# tenerse en cuenta que dichos envases estén hechos (subjunctive)



## flicg

Why is the subjunctive used here: "podrían tenerse en cuenta aquellas marcas que no se exceden en sus envases o que dichos envases estén hechos a base de materiales reciclables"?

 Is it to do with the fact that we could take it into account but we don't have to?


----------



## Circunflejo

No. It has to do with the fact that they may have that sort of _envases _or may not have that sort of _envases_. If we knew for sure that those _envases_ met the requirement, we would use the indicative (están).

P.S.: the _que dichos envases_ part is odd and sounds ugly.


----------



## flicg

But where is the doubt that certain brands do not overdo their packaging or that the packaging is recyclable?


----------



## Circunflejo

flicg said:


> But where is the doubt that certain brands do not overdo their packaging or that the packaging is recyclable?


The uncertainty is about the recyclable packaging. Exceden is in indicative so there's certaintity about the existence of _marcas _that don't make it. On the other hand, estén is in subjunctive so they may be or they may not be.


----------



## flicg

Ah. So  If I have understood you correctly estén is expressing a doubt, it is not a necessary consequence of a previously implied doubt.


----------



## Peterdg

flicg said:


> But where is the doubt





flicg said:


> is expressing a doubt


No.

You should abandon the believe that "doubt" is a concept that is related to the subjunctive. The concept "doubt" is far too flexible to be used as a determining factor for the indicative/subjunctive opposition.

In your specific case, the verb "estén hechos" appears in a relative subordinate (1) with antecedent "dichos envases". In a relative subordinate, the subjunctive is used to impose a condition/restriction on the antecedent.

I'm aware that this is rather technical, but I'm afraid that is the only way to follow to understand how the subjunctive is used in Spanish.

(1) A relative subordinate is a subordinate that acts like an adjective that qualifies a noun (in this case "dichos envases").


----------



## flicg

OK, thanks.


----------



## flicg

Sorry, what is the condition/ restriction that the subjunctive imposes on "dichos envases"?


----------



## Reina de la Aldea

Circunflejo said:


> P.S.: the _que dichos envases_ part is odd and sounds ugly.


But it does call for the subjunctive for the same reason _envases_ does


----------



## Peterdg

flicg said:


> Sorry, what is the condition/ restriction that the subjunctive imposes on "dichos envases"?


The condition is that these "envases" must be made from recycled material.


----------



## Circunflejo

Reina de la Aldea said:


> But it does call for the subjunctive for the same reason _envases_ does


 Envases is a noun there.


Peterdg said:


> The condition is that these "envases" must be made from recycled material.
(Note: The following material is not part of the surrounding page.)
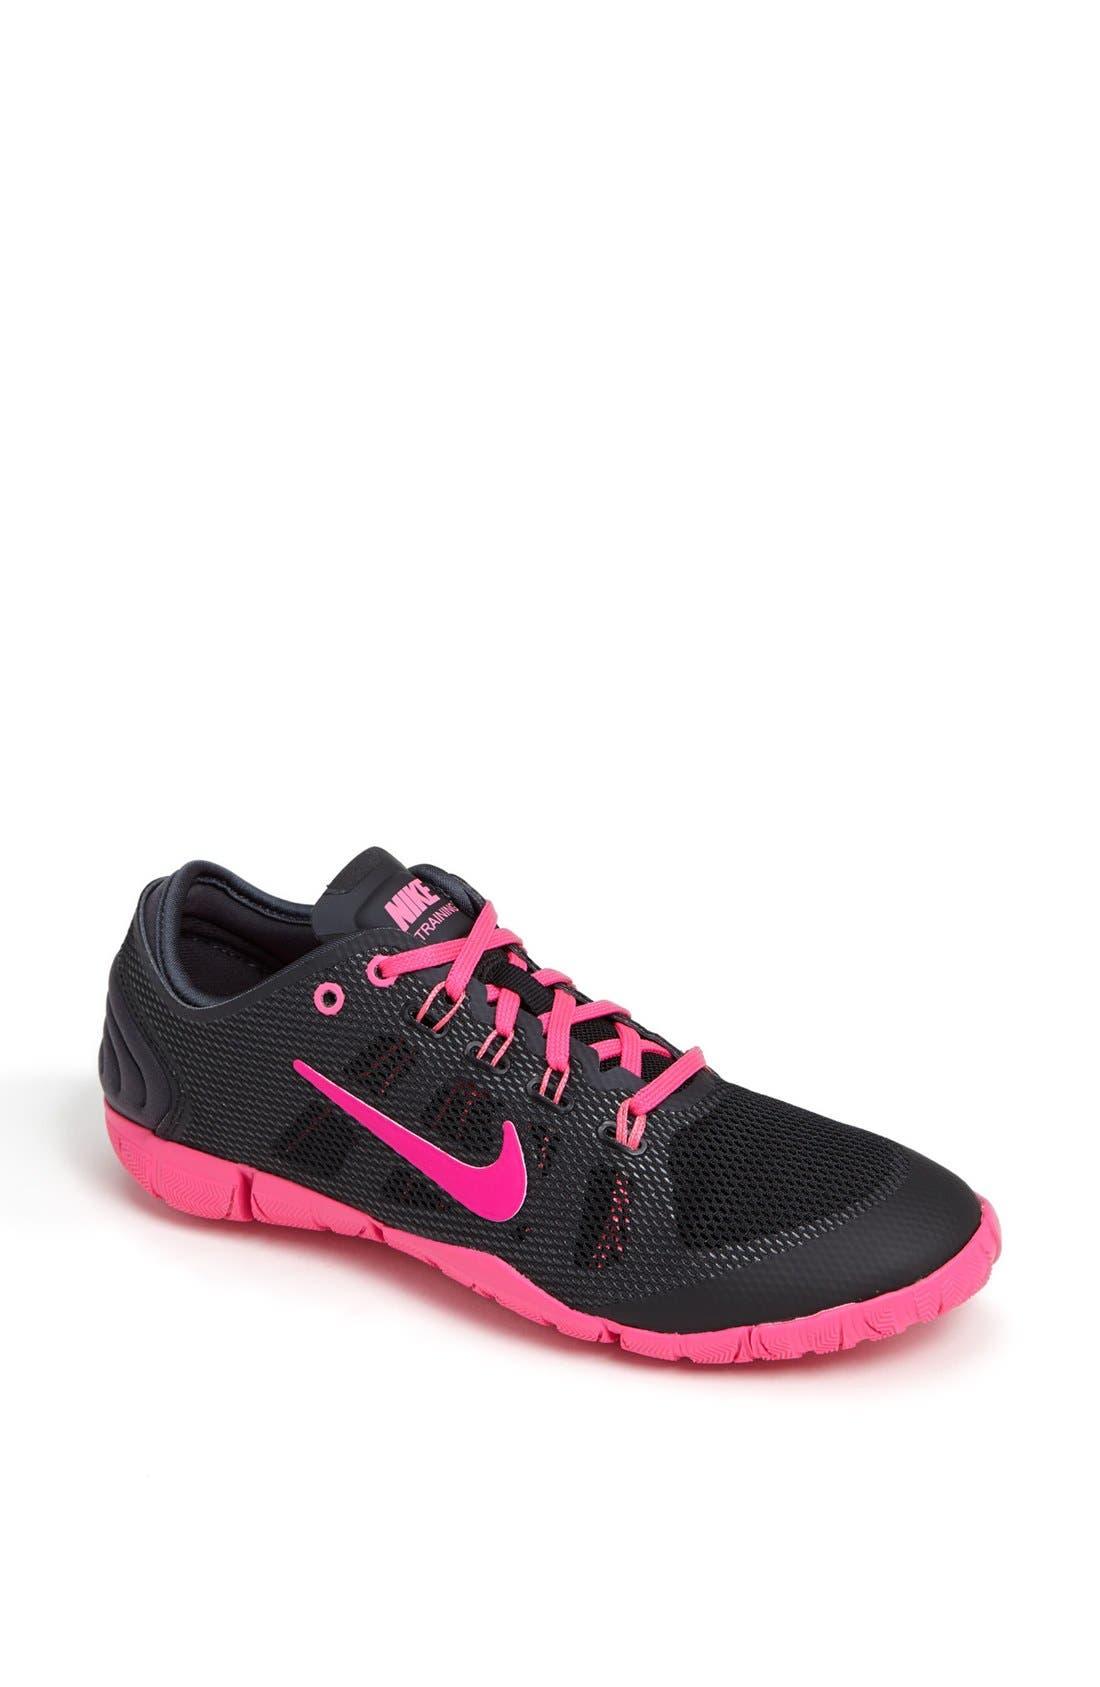 Main Image - Nike 'Free Bionic' Training Shoe (Women)

Yes, but that would be true too if the indicative was used.


----------



## Reina de la Aldea

Circunflejo said:


> Envases is a noun there.
> 
> Yes, but that would be true too if the indicative was *were *used.


Yes, very sloppy.  It was right of you to call me out, C


----------



## flicg

Isn't it not that estén requires a condition (I don't see how that could work) but rather that the condition requires that the verb takes the subjunctive?


----------



## Circunflejo

flicg said:


> Isn't it not that estén requires a condition (I don't see how that could work) but rather that the condition requires that the verb takes the subjunctive?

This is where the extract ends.